Each retailer trading area offered by Nielsen/IRI also has a “remaining market”. The remaining market represents that retailer’s competition in that geographic region. This remaining market is important for benchmarking.
To create the remaining market for a retailer, IRI and Nielsen include all competitive stores physically located within the boundaries of that retailer’s trading area. Nielsen calls the retailer’s competitive market the ROM (short for “Rest of Market”). IRI calls it the CRMA (short for “Competitive Retailer Market Area”). The ROM/CRMA gives you a single comparison point for each retailer, a weighted average of all the competitors.
Also see glossary post on Trading Area.
Lindsay Domaas says
Does the REM in Nielsen only include Food Channels?

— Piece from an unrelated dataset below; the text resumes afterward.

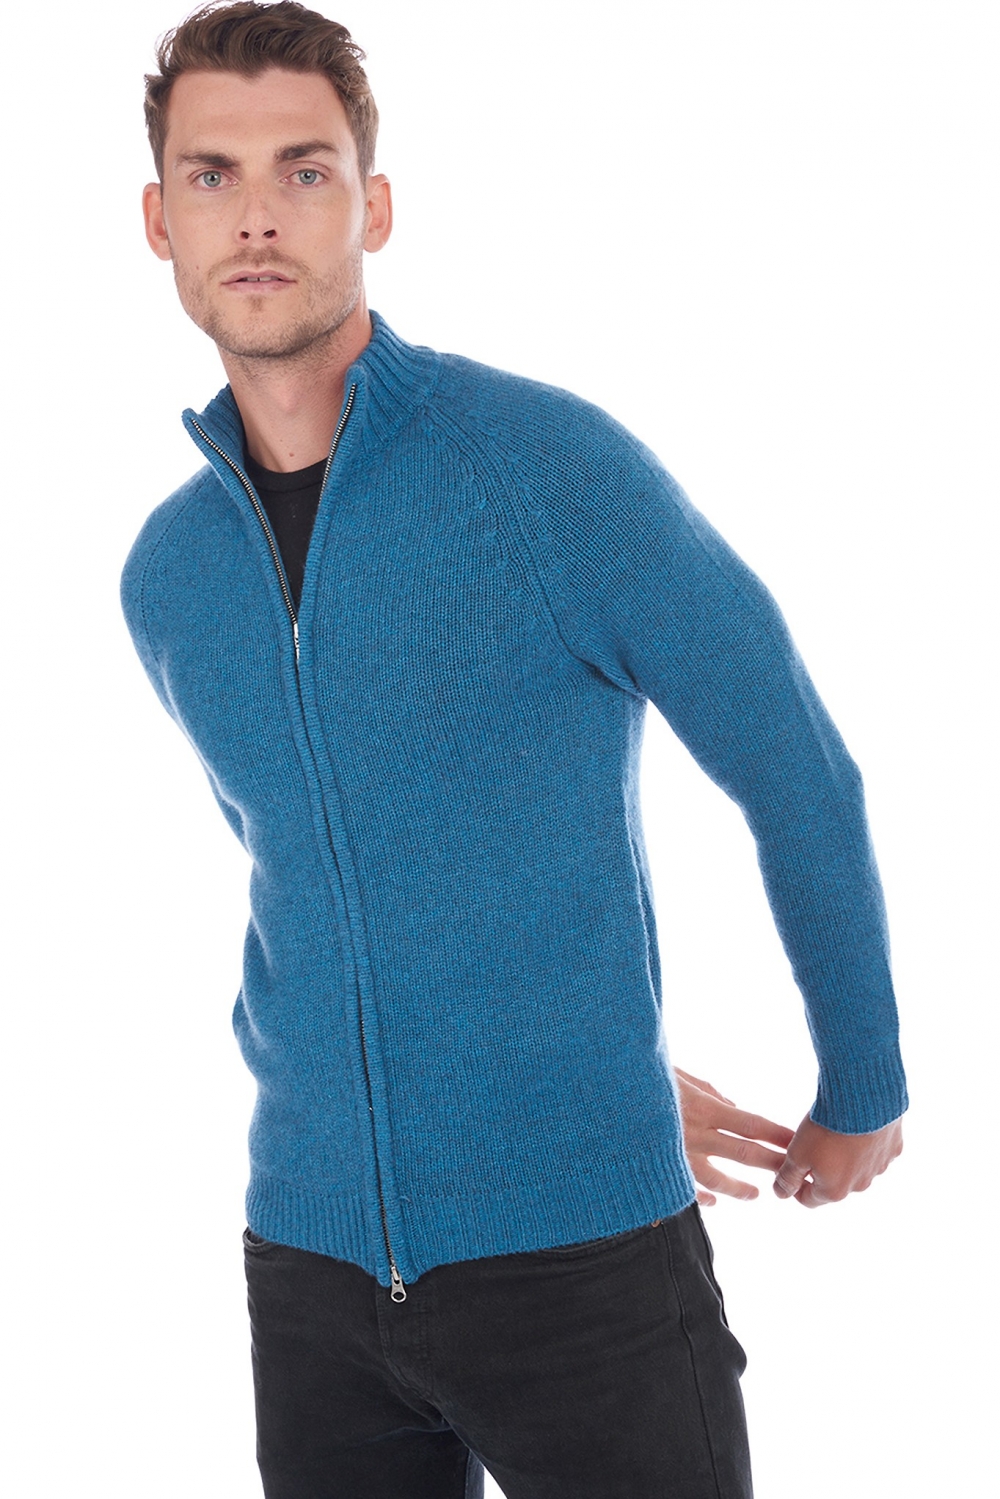 Cashmere men waistcoat sleeveless sweaters argos manor blue l

Or does it include Food, Drug, Mass, etc?
Sally Martin says
Some food retailers do have Rem xAOC available (Albertson’s Safeway for example). It depends how the individual retailer defines their competitive set. It will have Rem xAOC in the market name if it’s includes something other than Food. If it just says Rem it’s just Food.
FM Muñoz says
Sally – my understanding is that CRMA and REM do not represent exactly the same concept. As I understand it (from reading this amazing site!), CRMA is inclusive of the related RMA where as Nielsen’s REM does not include the related TA. Do you know why IRI and Nielsen don’t take the same approach to trading areas? I liked your article on the benefits of REM/ROM vs CRMA – but I can’t stand the thought of having to manually calculate REM/ROM in IRI for all my retailer analysis. Would love your thoughts on how to efficiently approach this type of analysis – or do I just have to access that ROM/REM needs to be manually calculated outside of IRI? FM
Sally Martin says
Yes, your understanding is correct. We’re not sure why Nielsen/IRI do this differently. Maybe it was on purpose, to be deliberately different. Or maybe it happened by chance and then stayed that way due to precedent and not wanting to deal with changing historical data.

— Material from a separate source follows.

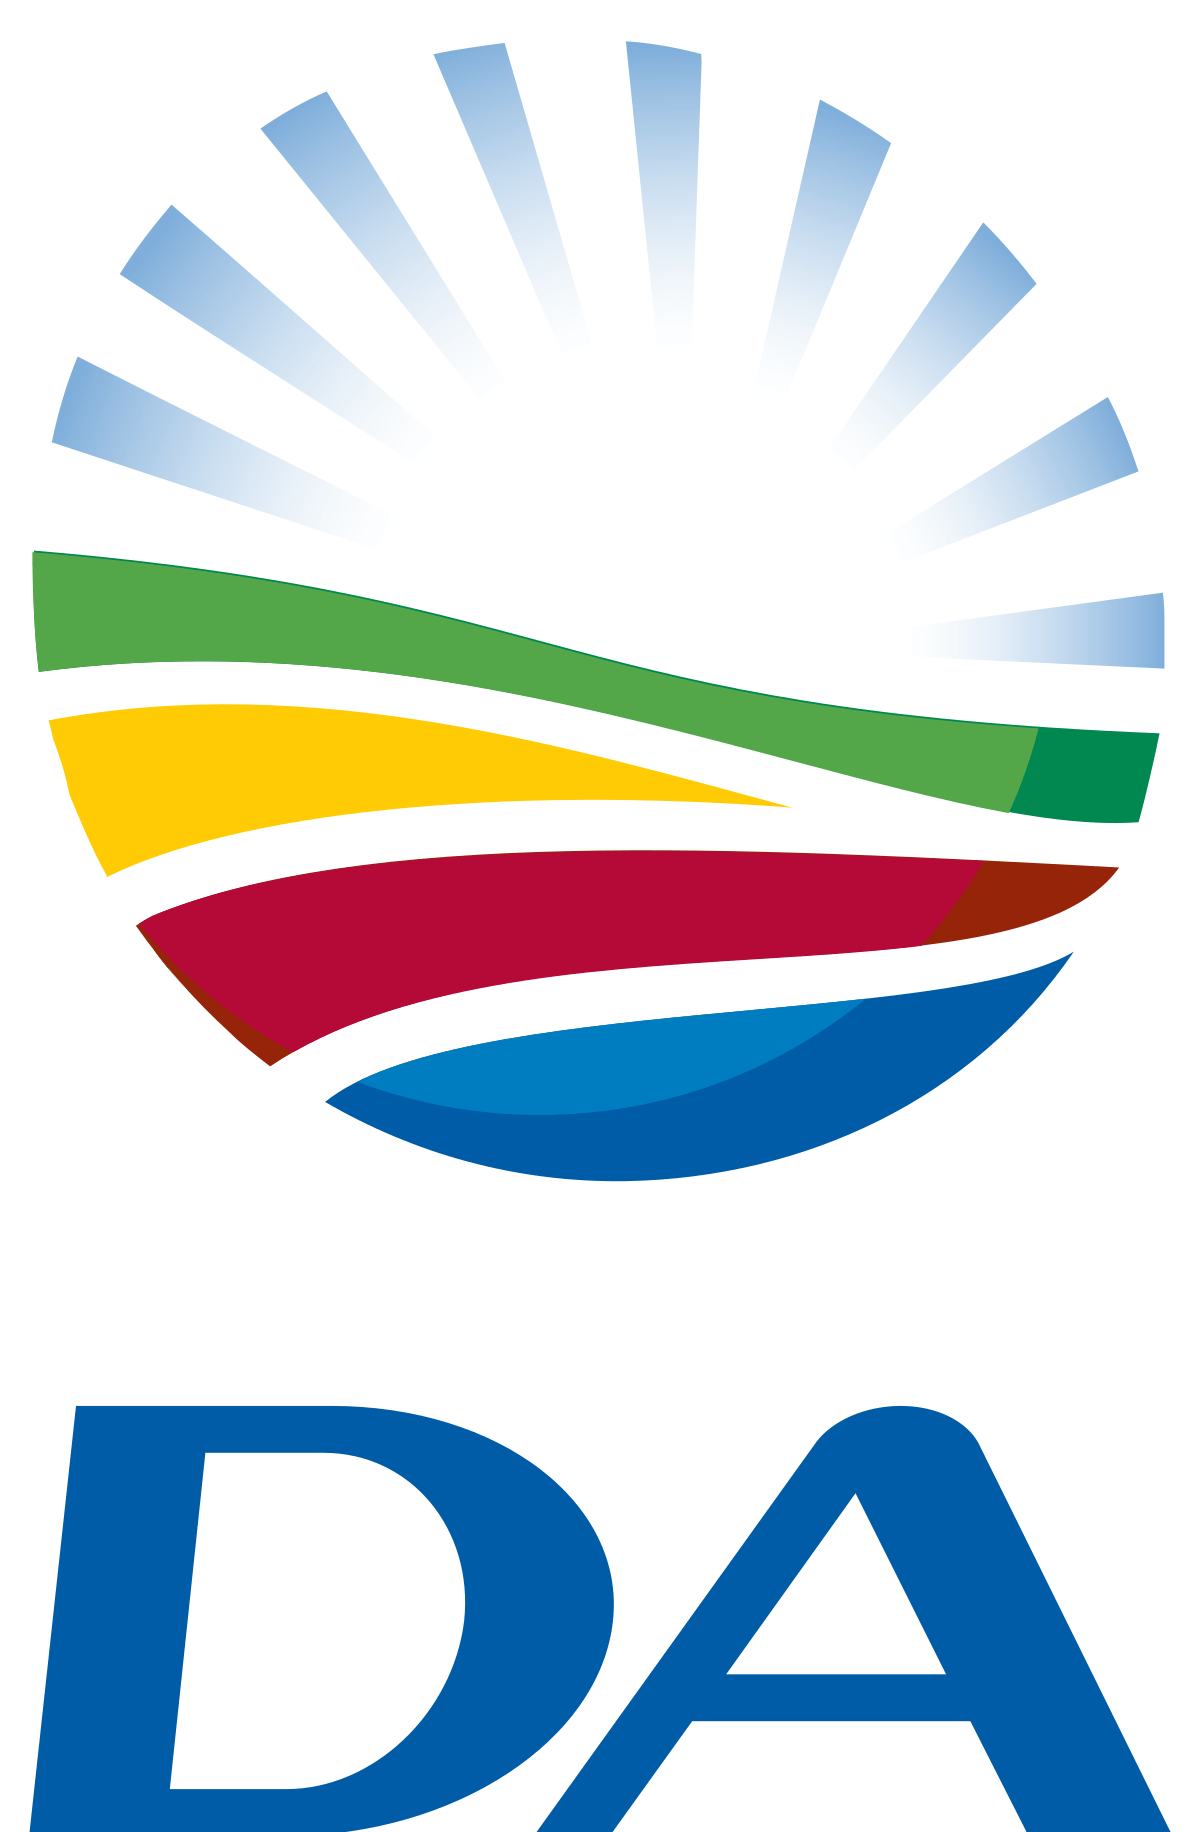 Da Logo - DisruptAfrica DA Logo On Transparent With Tag Small Logo Image

Robin and I agree that the Nielsen ROM/REM is generally a better comparison, especially if the retailer is a relatively big player in the specific market (which means they drive more of the CRMA results in the IRI data). Robin works more frequently with IRI data than I do so I checked with her and she says that, when time allows, she does manually create the ROM for volume and price measures and shows CRMA with an asterisk for ACV-based measures. Maybe there is a way to create a custom market within the IRI software to make this process easier?
Dan Sittenauer says
Sally,
Having worked for years in IRi data, I am now analyzing a customer’s Nielsen IQ (NIQ) data. Your data tip sheet has been a super help. I am a bit confused by 2 terms that aren’t listed: RM Food (ex: ALBSCO Jewel Div RM Food) and RM xAOC (ex: ALBSCO Jewel Div RM xAOC). Would that be “Remaining Market Food/Grocery” and “Remaining Market eXtended All Outlet Combined”?
Robin Simon says
You’re right – RM stands for Remaining Market, one is for Food/Grocery channel only and the other is for xAOC. (So RM Food is a subset of RM xAOC.)
Dan Sittenauer says
Thank you so much! So would TA + RM = roughly the equivalent of CRMA (in IRi)? I ask as our promotions not only affect the retailer that it’s in, but also the surrounding retailers.
Robin Simon says
Yes!
Len says
Sally, in Nielsen why doesn’t Walmart Total + Walmart ROM equal xAOC? What would be included in xAOC that’s not included in Walmart ROM (besides Walmart)?
Robin Simon says
Great question! One would assume that if Walmart has stores across the entire US, then WM Total + WM ROM would equal Total US xAOC. How far apart are those 2 things in what you’re looking at (the sum vs. TUS xAOC)? My guess is the difference is small and that a difference exists because only the counties in which Walmart has stores are counted in the Walmart and Walmart ROM geographies. So counties where Walmart does not have stores would be in TUS xAOC but not in WM + WM ROM. Hope that helps!